Background

In addition to the progress made in telepathology, several institutions invest great efforts in the development and application of the so-called virtual slide technology [2, 8, 9, 16]. A virtual slide which is the computerized image of a complete histological slide enables important applications that cannot be obtained by use of a conventional light microscope [17]. For instance, only a small group of pathologists can contemporary view the same slide, as it is usually very difficult to mark and review a specific histological feature at the microscopic level. However, especially these applications are of great importance for panel group discussions or quality assurance purposes based upon Telepathology Consultation Services, e.g.

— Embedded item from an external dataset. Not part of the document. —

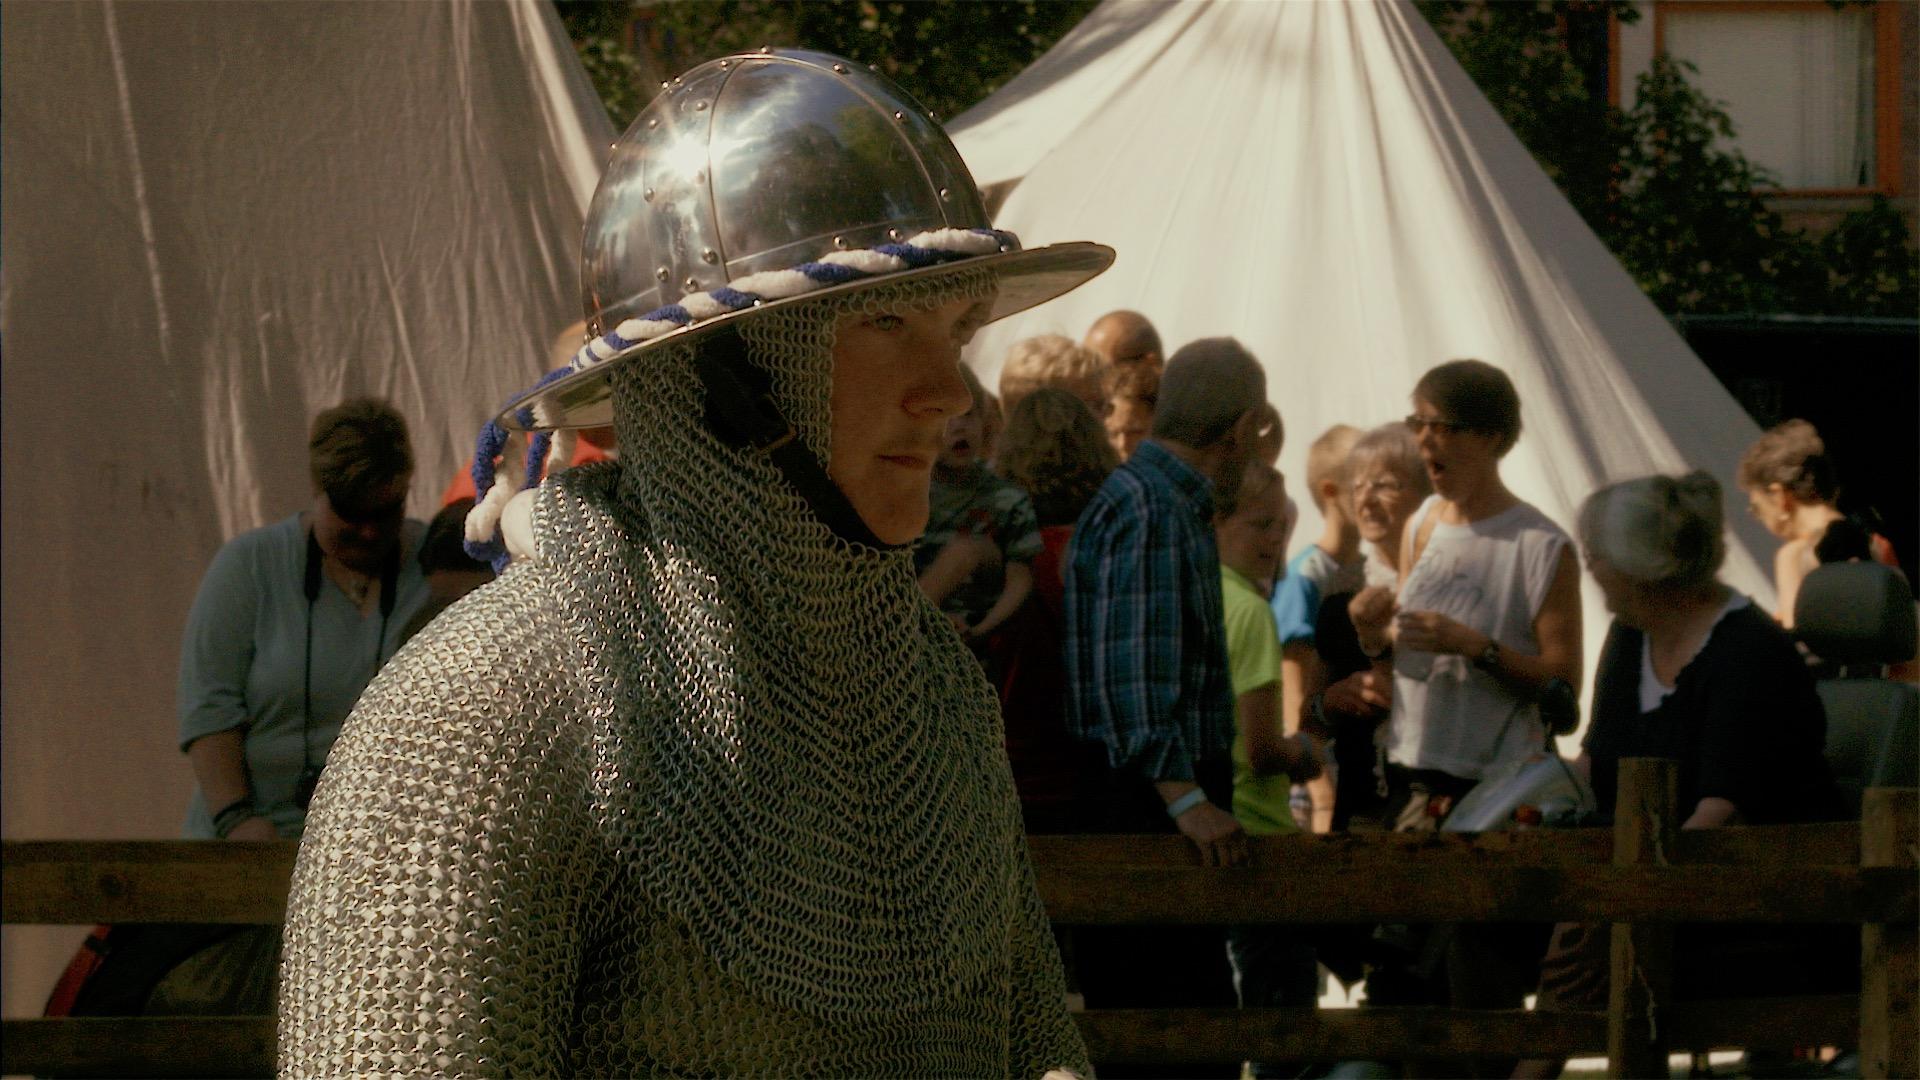 Gebroeders van Limburg Festival 2015

T. Konsult Pathologie of Professional Assoziation of German Pathologists [4, 7, 18].

To overcome restrictions of "conventional telepatholgy" using cutaway images and microscopy the Institute of Pathology, Charité, has developed the so called "Virtual Microscope" (VM), a computer based system, that might efficiently change the paradigms in microscopy and the daily work in diagnostic pathology (figure 1) [16]. The Virtual Microscope consists of a slide scanner, an image database and a web based viewer, which allows the users to browse a complete histological slide at high resolution in real time. It permits the zoom and movement of the digital slide without any loss of image quality (figure 2) [17].

Figure 1
figure 1

Workflow of a digitalised pathology.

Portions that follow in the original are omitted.